Task details: When you reach the line that contains "International marketing –", begin copying exactly and continue through the last line below. Do not copy pictures.

Stored data
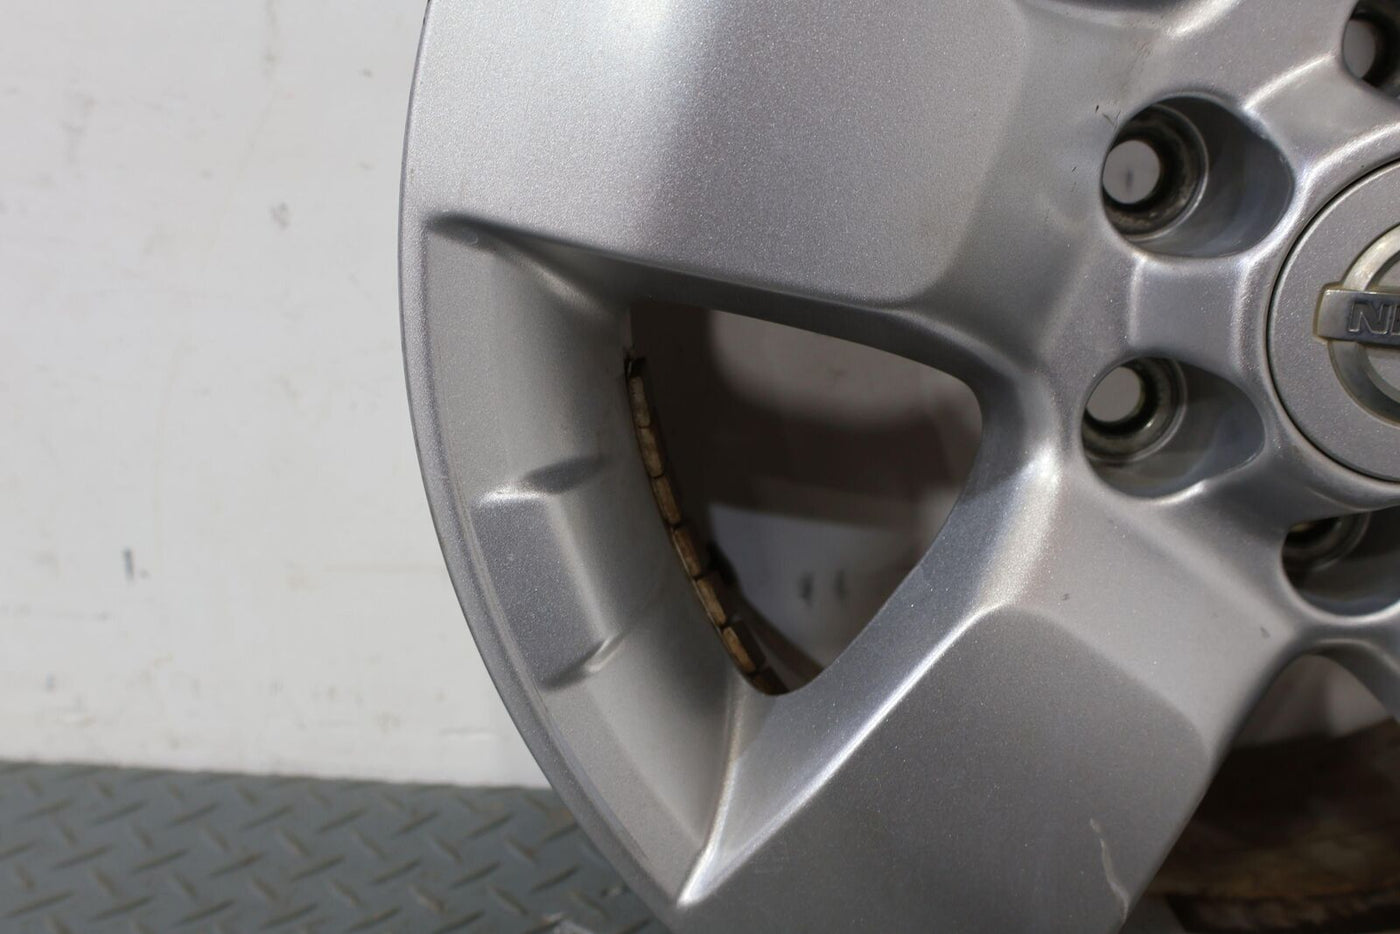 09-14 Nissan Xterra 16" OEM Rear Wheel (Face Marks) Silver With Center Cap
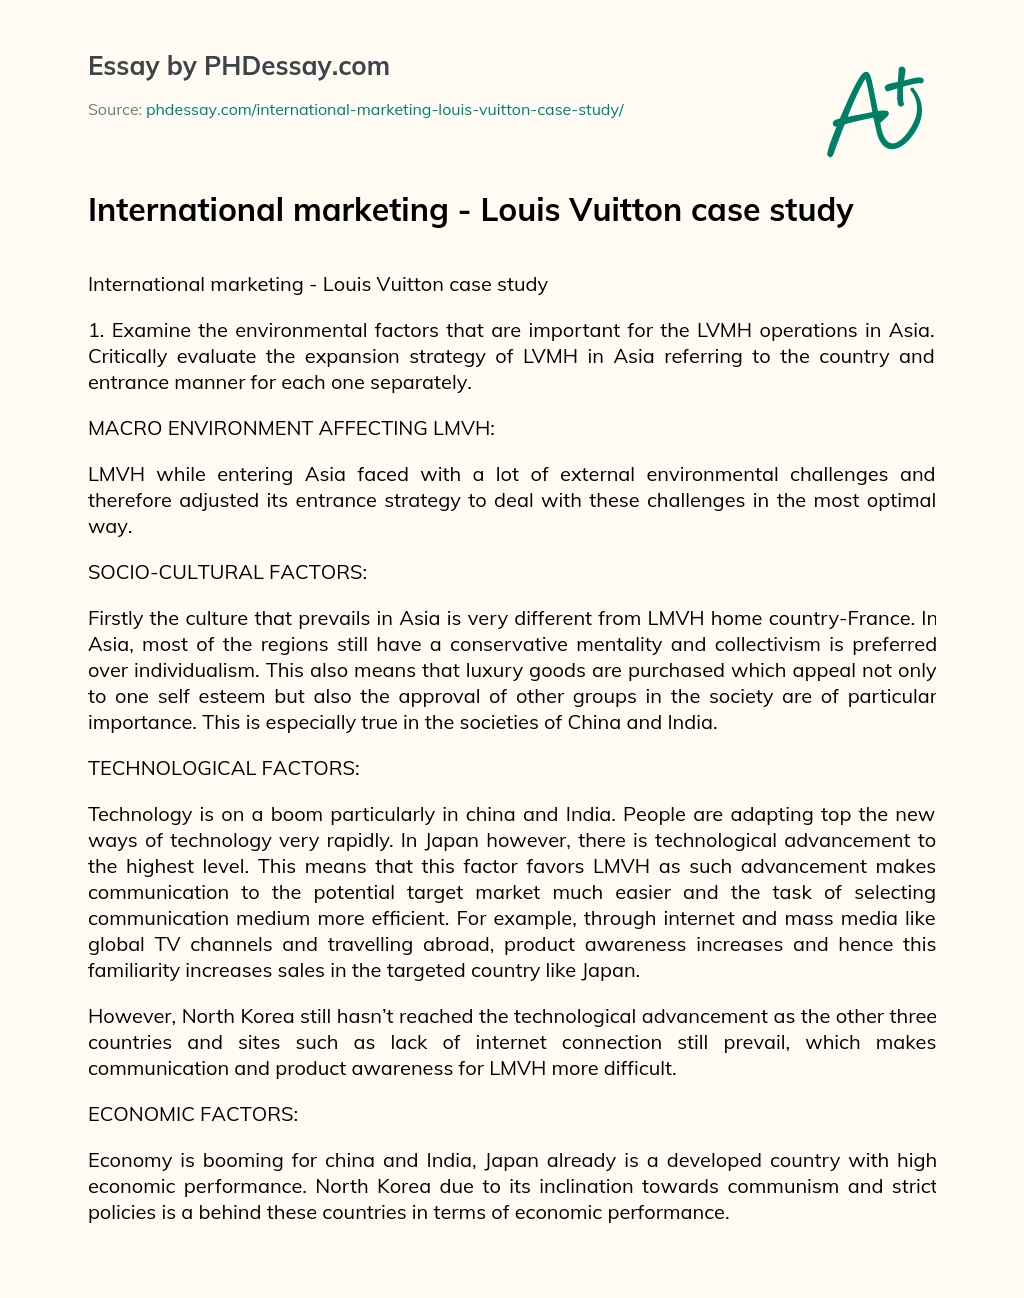 International marketing – Louis Vuitton case study essay
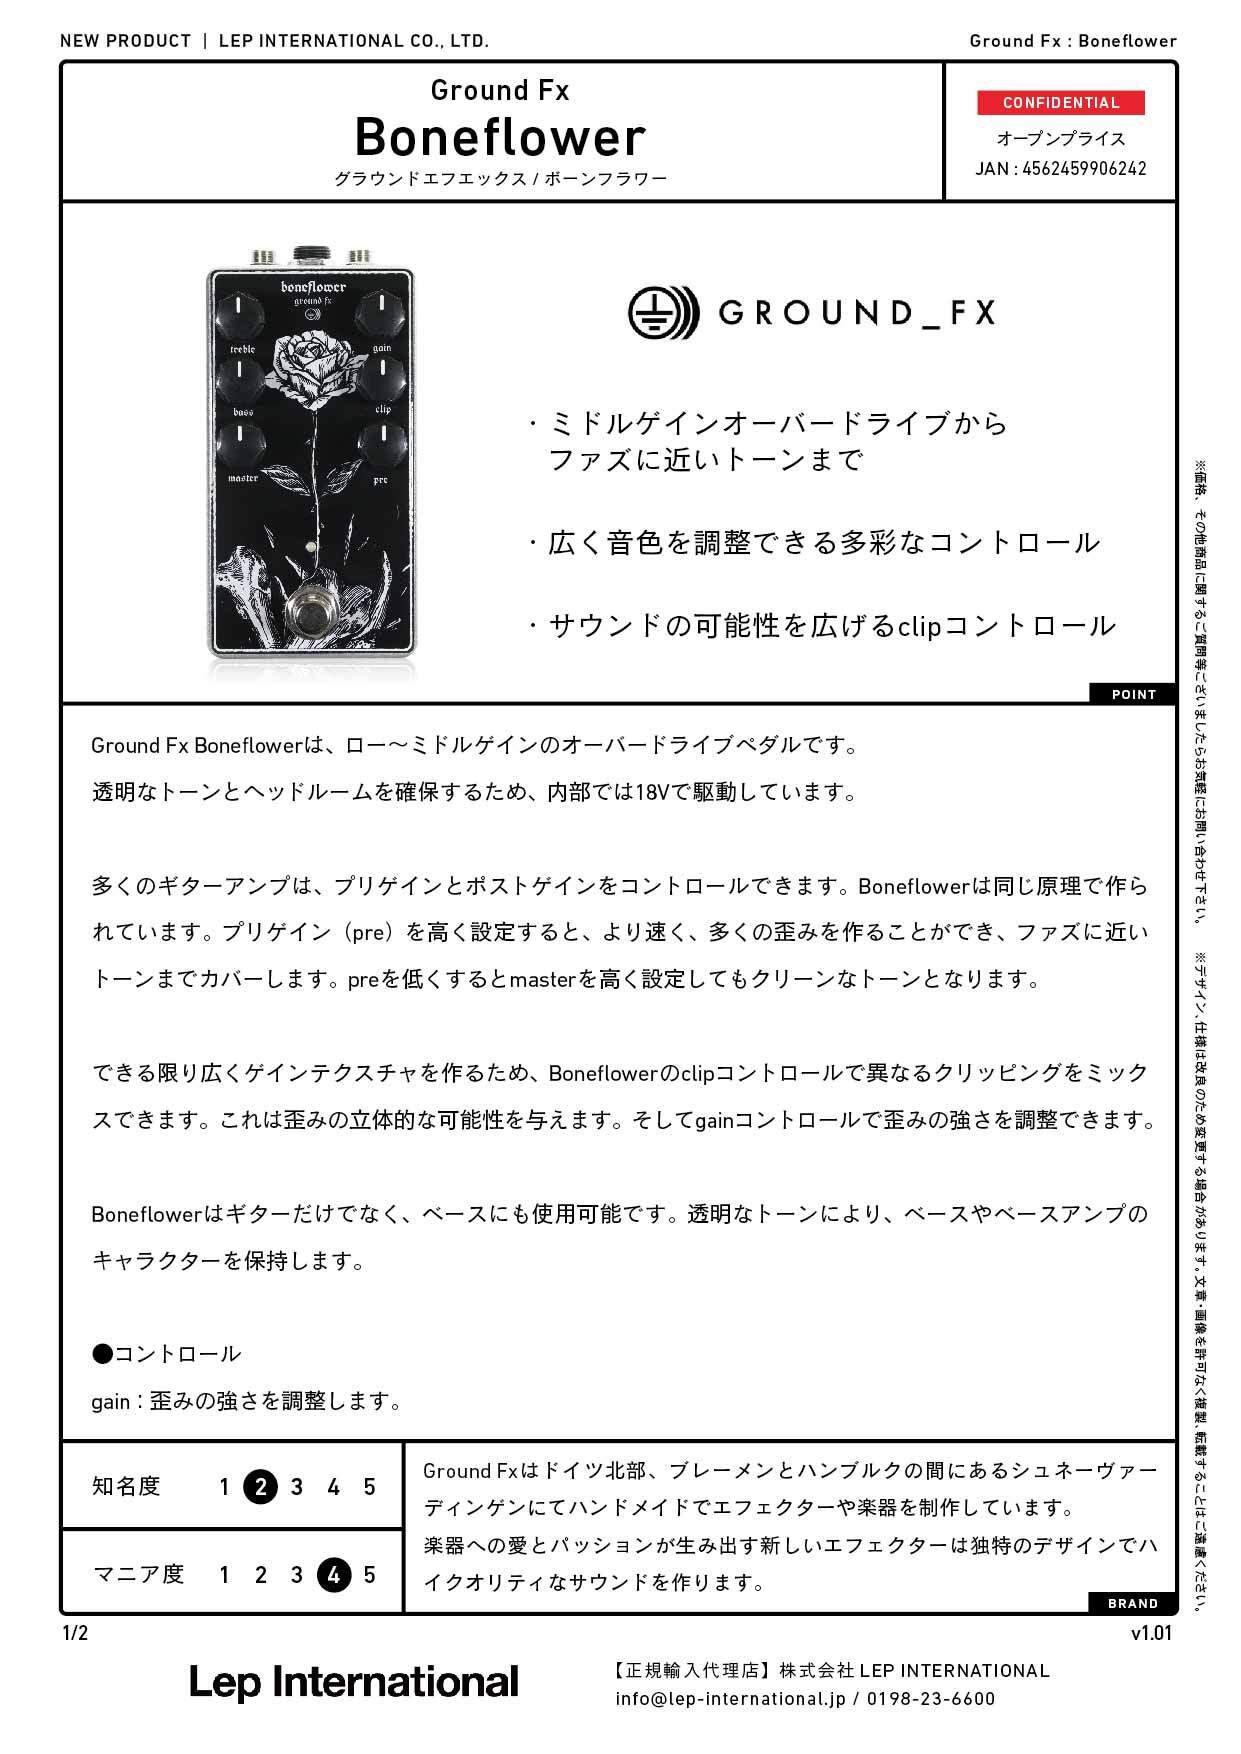 Ground Fx / Boneflower
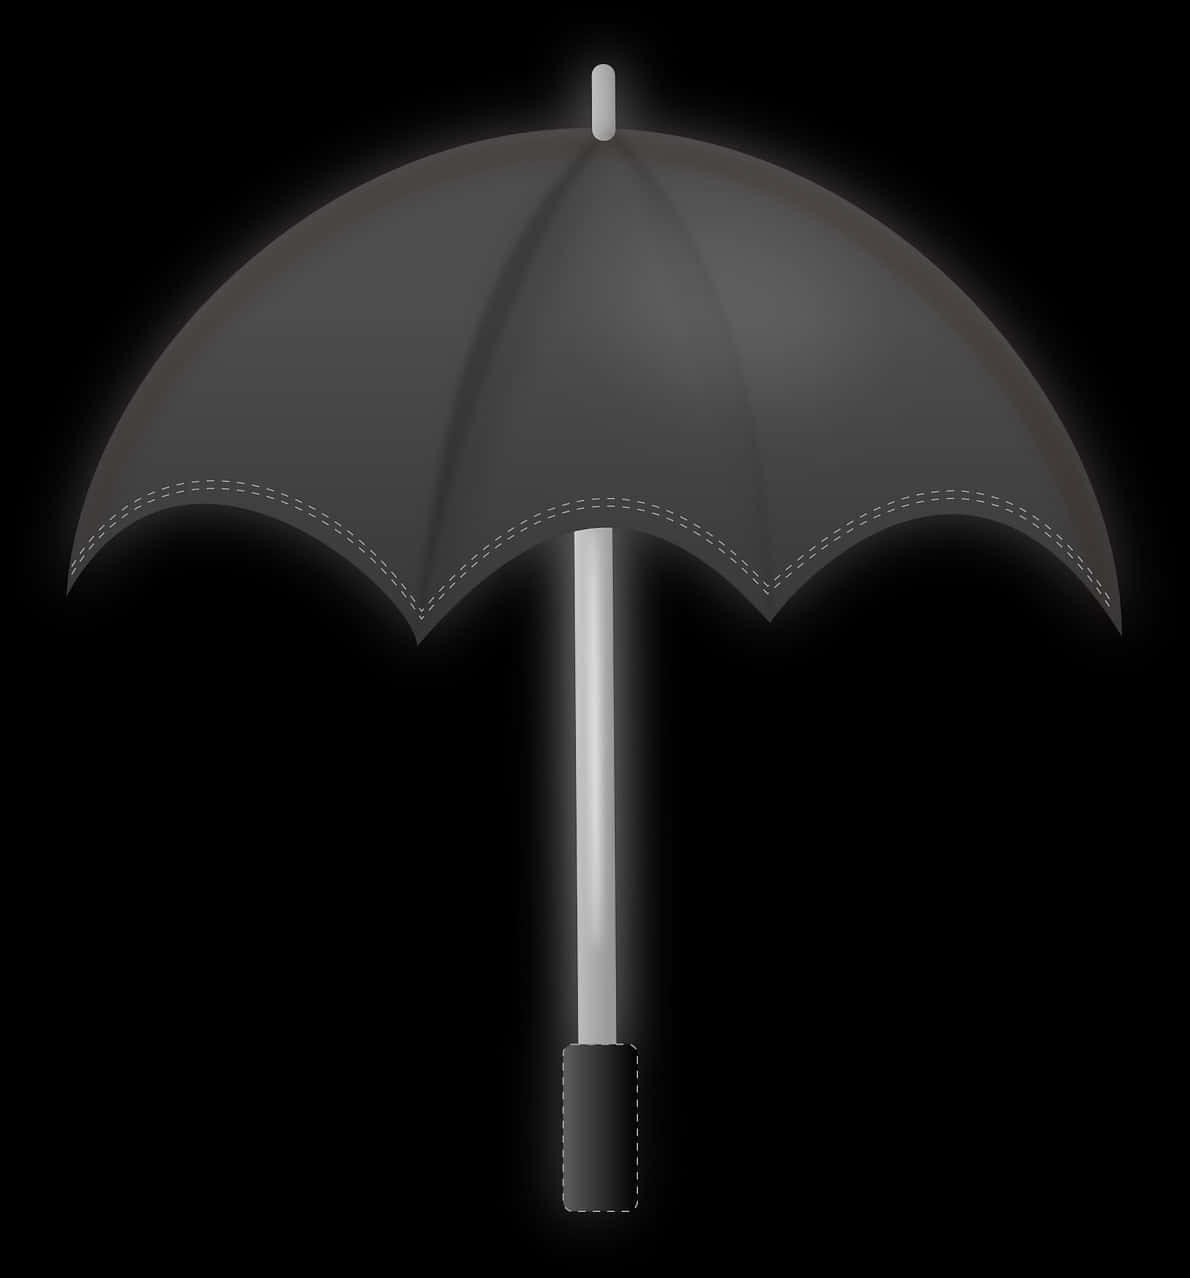 A Black Umbrella With A White Handle
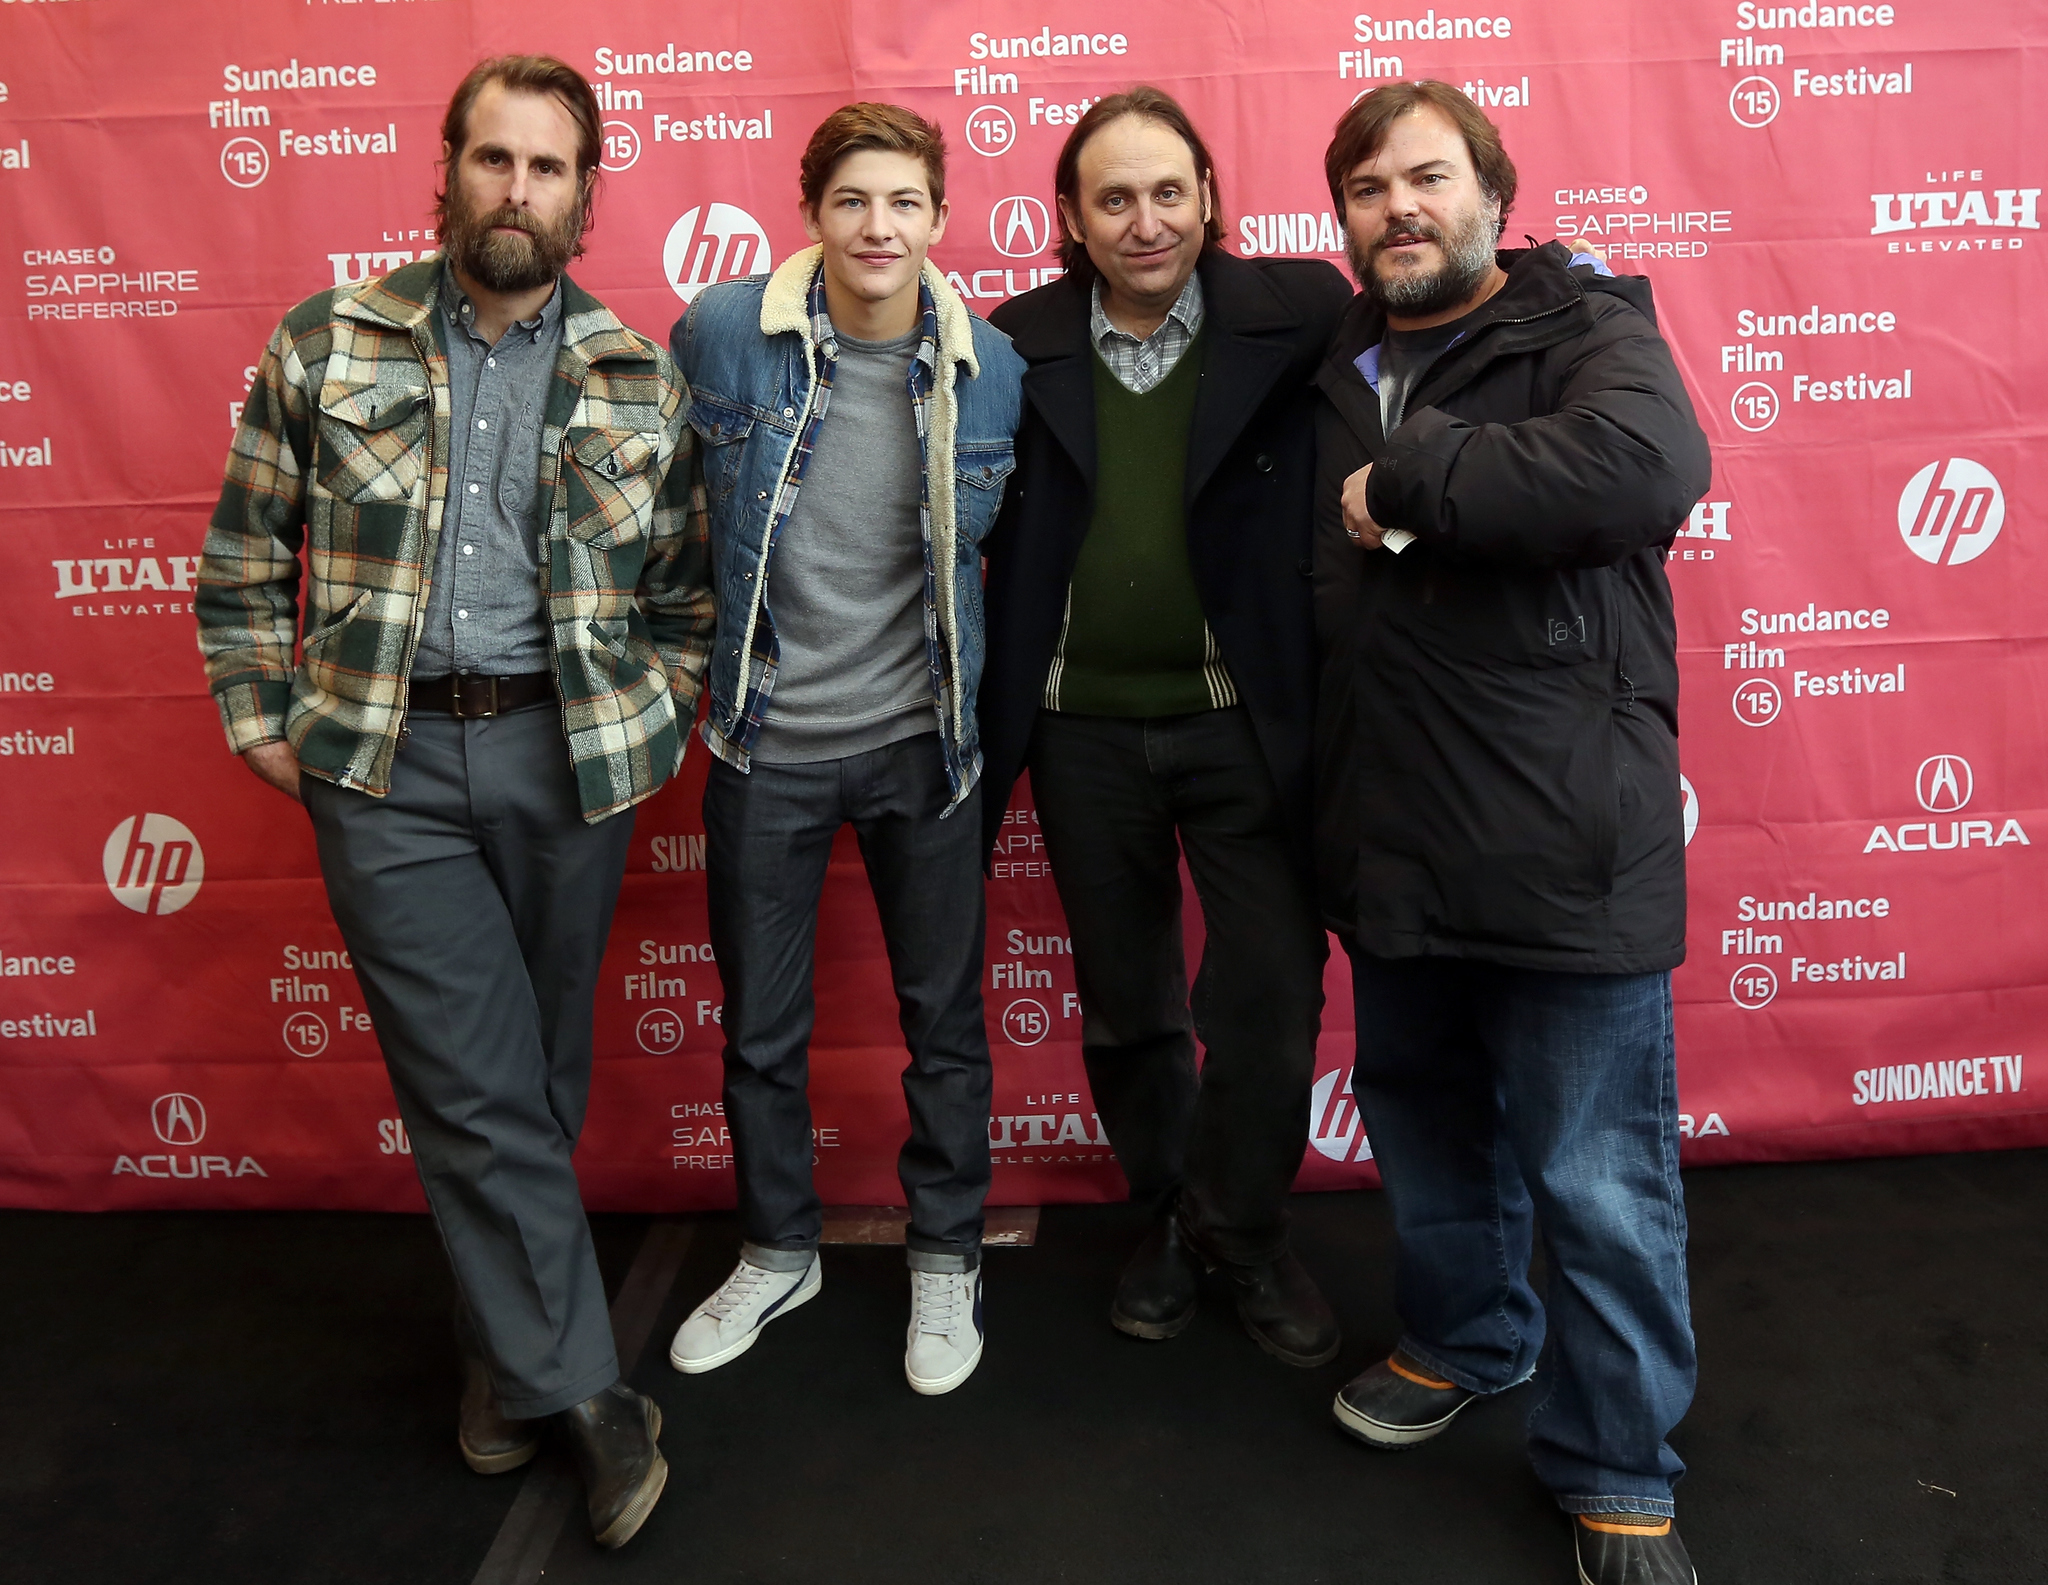 Jack Black, Gregg Turkington, Rick Alverson and Tye Sheridan at event of Entertainment (2015)

Reply:
 International marketing – Louis Vuitton case study essay
 Ground Fx / Boneflower
 A Black Umbrella With A White Handle
 Jack Black, Gregg Turkington, Rick Alverson and Tye Sheridan at event of Entertainment (2015)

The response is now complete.